大抵は好みの問題である、太麺皿うどんか、細麺皿うどんかの問題もある。長崎市外に住む者たちは大抵、長崎の皿うどんは細麺こそが王道と思っているようで、細麺を揚げたパリパリとした食感がたまらなく好きという声は多い。大村近辺まで行くと、お祝い事での出前でよく見るのは細麺の皿うどんであった。元々を辿り、中華料理では麺を揚げる料理は多くを見ず、どこでこの細麺をあげる習慣が生まれたのかは未だにその説を見ない。唐灰汁入りの細麺を揚げると、小麦粉の香ばしい香りに唐灰汁の香りが混じり、また熱が加わることでよく噛めばモチモチとした食感となり、口に入れた際にはサクッとした食感で、この差異や香りが楽しめる。揚げたてのものを出すところはそうなく、自宅で自分でやるのが良いようである。

www.zuitaigou.com

一方の太麺皿うどんは大抵、唐灰汁入りのちゃんぽん麺を使用している。このちゃんぽん麺も、興味深いのは、火を通したり、表面をカリッと焼いたりすることで、スープで煮たのとは違った挙動を示す。唐灰汁や小麦の香りがより引き立ち、噛めば噛むほど食感がモチモチとした食感が増してくる。唐灰汁の香りはこちらの方がよくたつので、案外長崎市内では太麺のオーダーも多く見られるのである。

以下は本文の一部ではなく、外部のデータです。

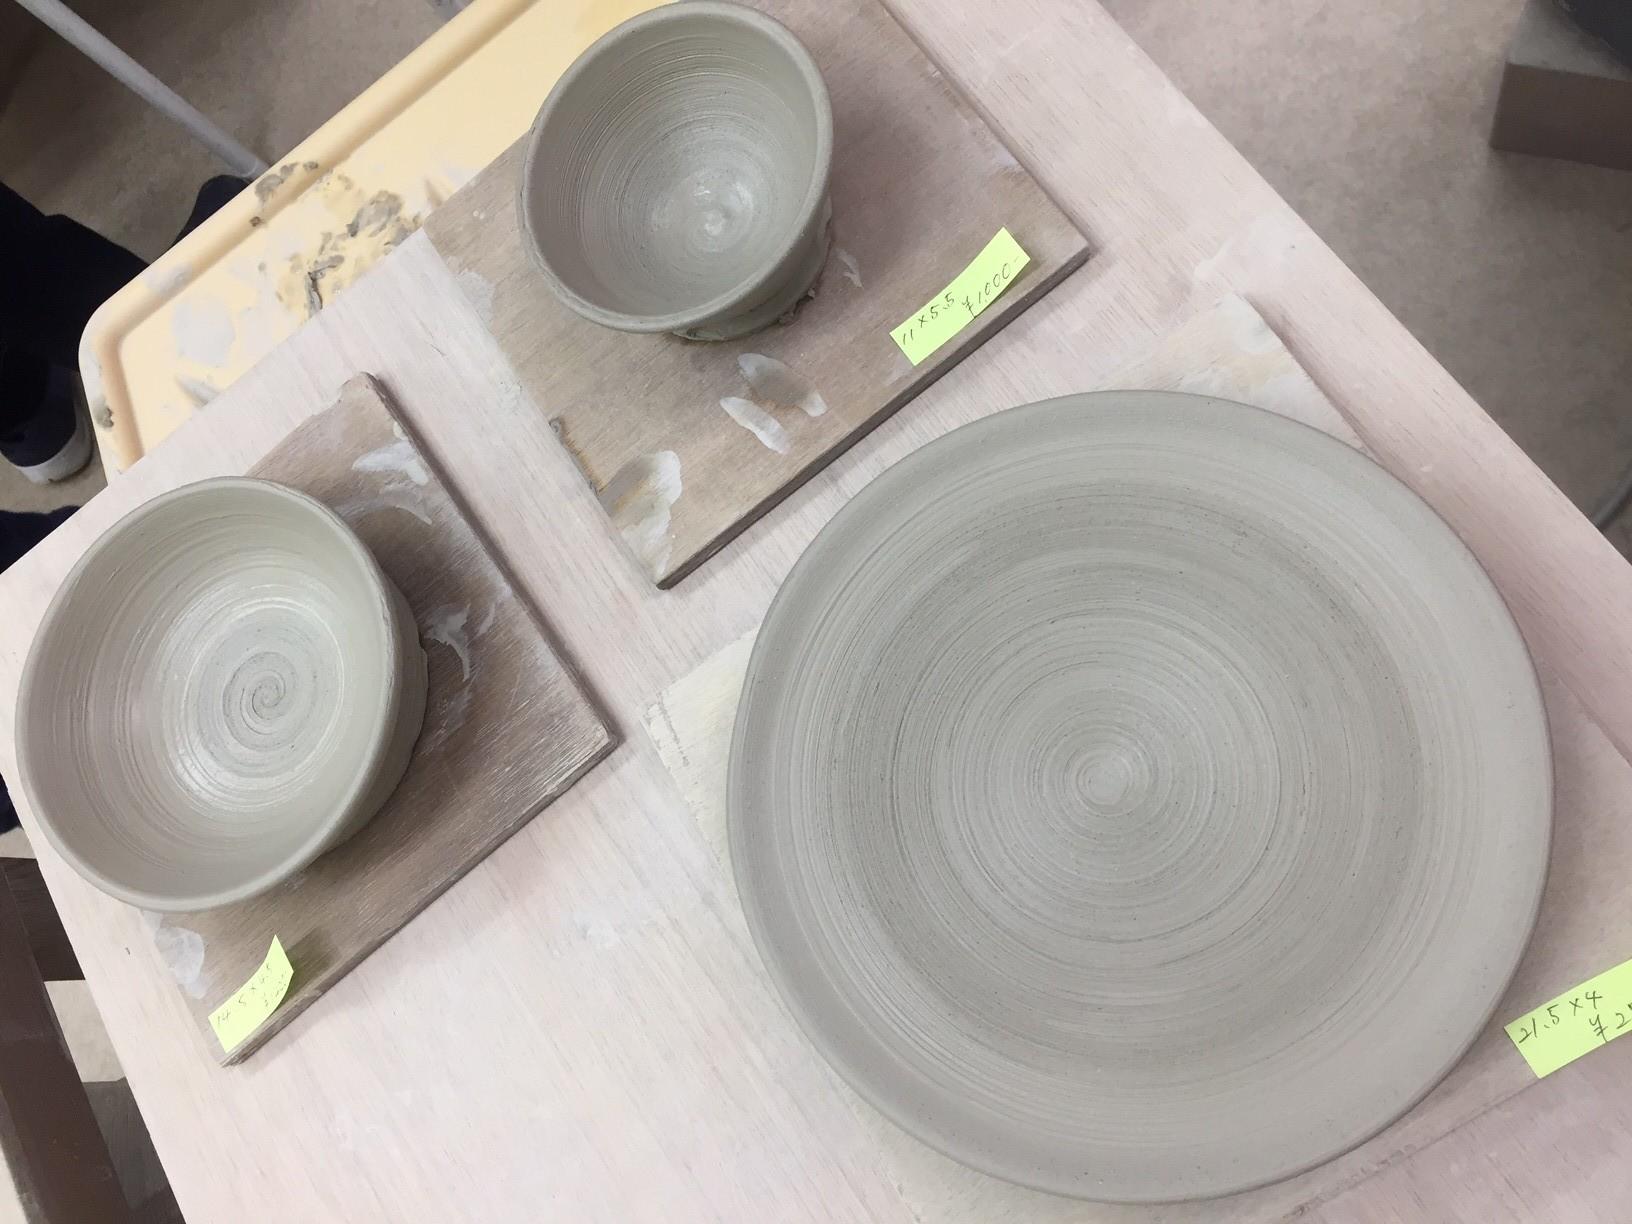 東京で陶芸食器作り体験3500円!!電動ろくろで予想以上の完成度!!
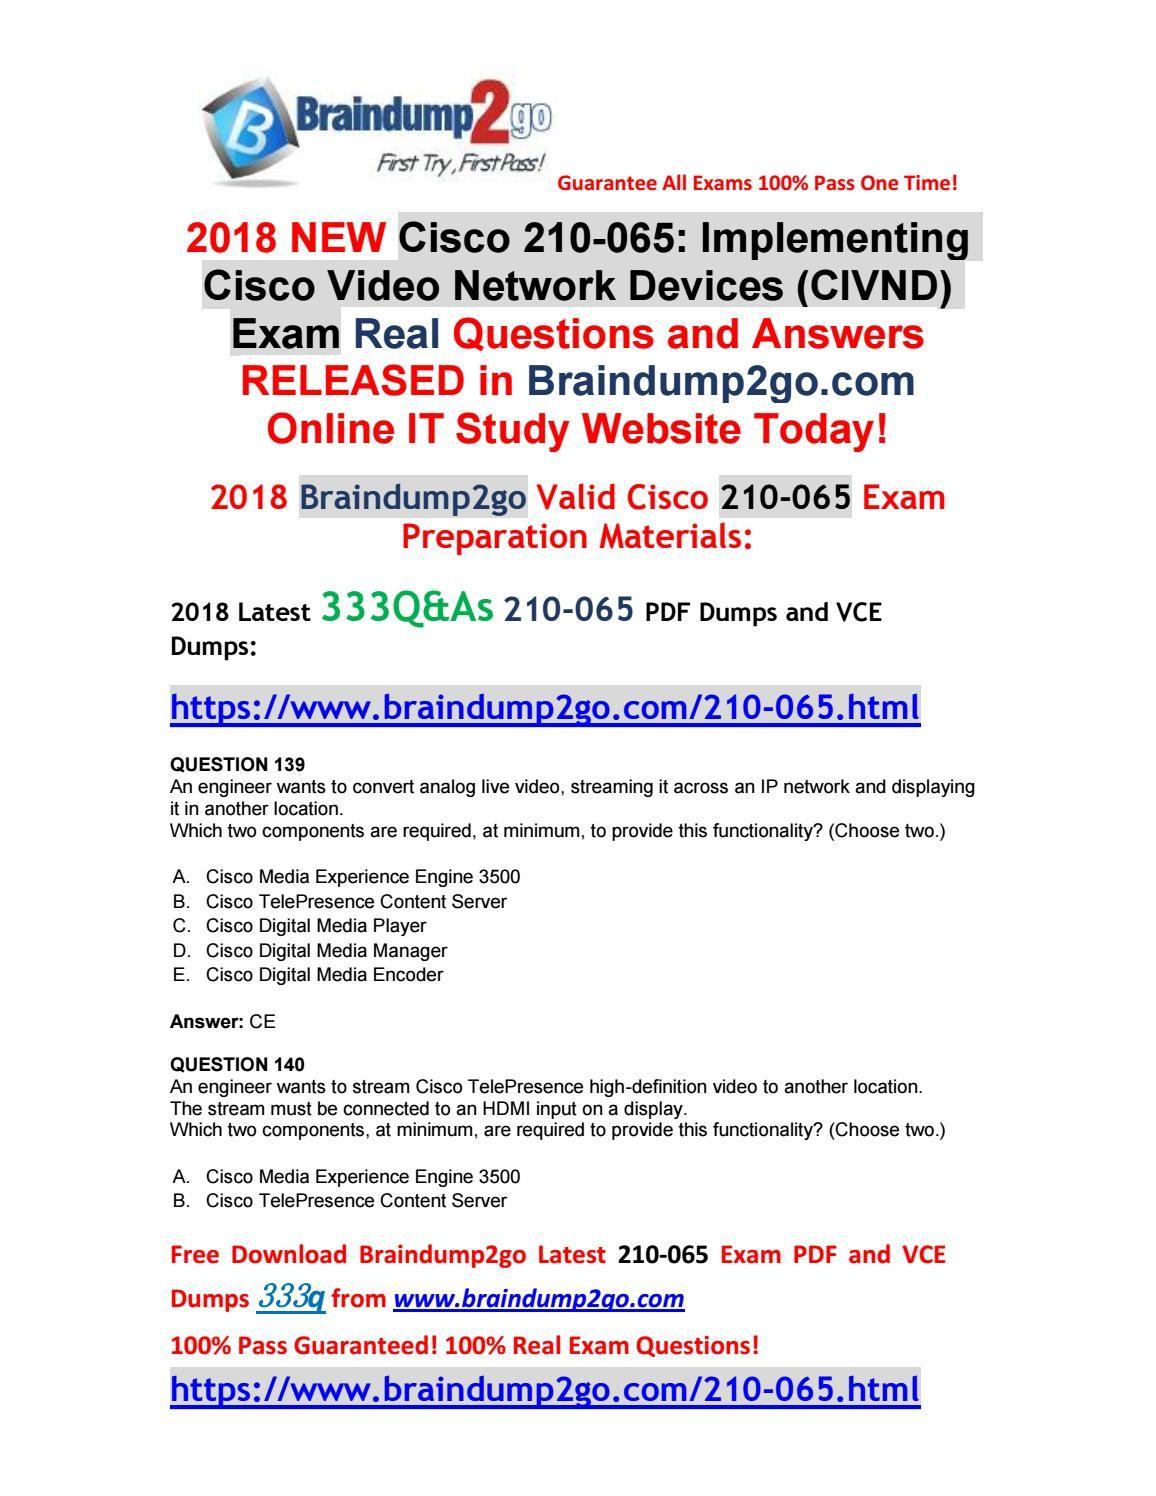 2018 jan version)braindump2go new cisco 210 065 vce dumps free share(2018 jan version)braindump2go new cisco 210 065 vce dumps free share!(q139 q149)

ちゃんぽんストリート(長崎中華街)の店ともなると、案外油がヘタっていて、前日に揚げた残りなどが出て、怪しい細麺皿うどんが提供されるため、慎重に店は選ばないと、胃もたれするようになる。毎日は食べるものではなく、何か思いついたときに食べるものとしておきたい。

太麺皿うどんの定義問題

バリエーションも豊かすぎて、太麺皿うどんの定義は未だに何を指すのかは理解に苦しむことが多い。太麺といっても、焼きちゃんぽん様の仕上がりであるか、大抵のように餡掛けの仕上がりであるかで、味も異なるものになる。これらの二つの違いを、焼きそば式、餡掛け式と分けて、当ブログでは記載していこうと考える。焼きそば式は、野菜などの具材を炒め、少しくちゃんぽん用のスープを加え、それらから出てきた汁で麺を煮、炒めて提供されることが多い。餡掛け式は麺は焼きで加熱し(心ない店では茹でるところもあるようだ)、細麺の皿うどんと同様の餡をかける。その店舗ごとのスキルの差が現れるため、特に断りがない限り、太麺皿うどんの方をメインで観察していきたいと思っている。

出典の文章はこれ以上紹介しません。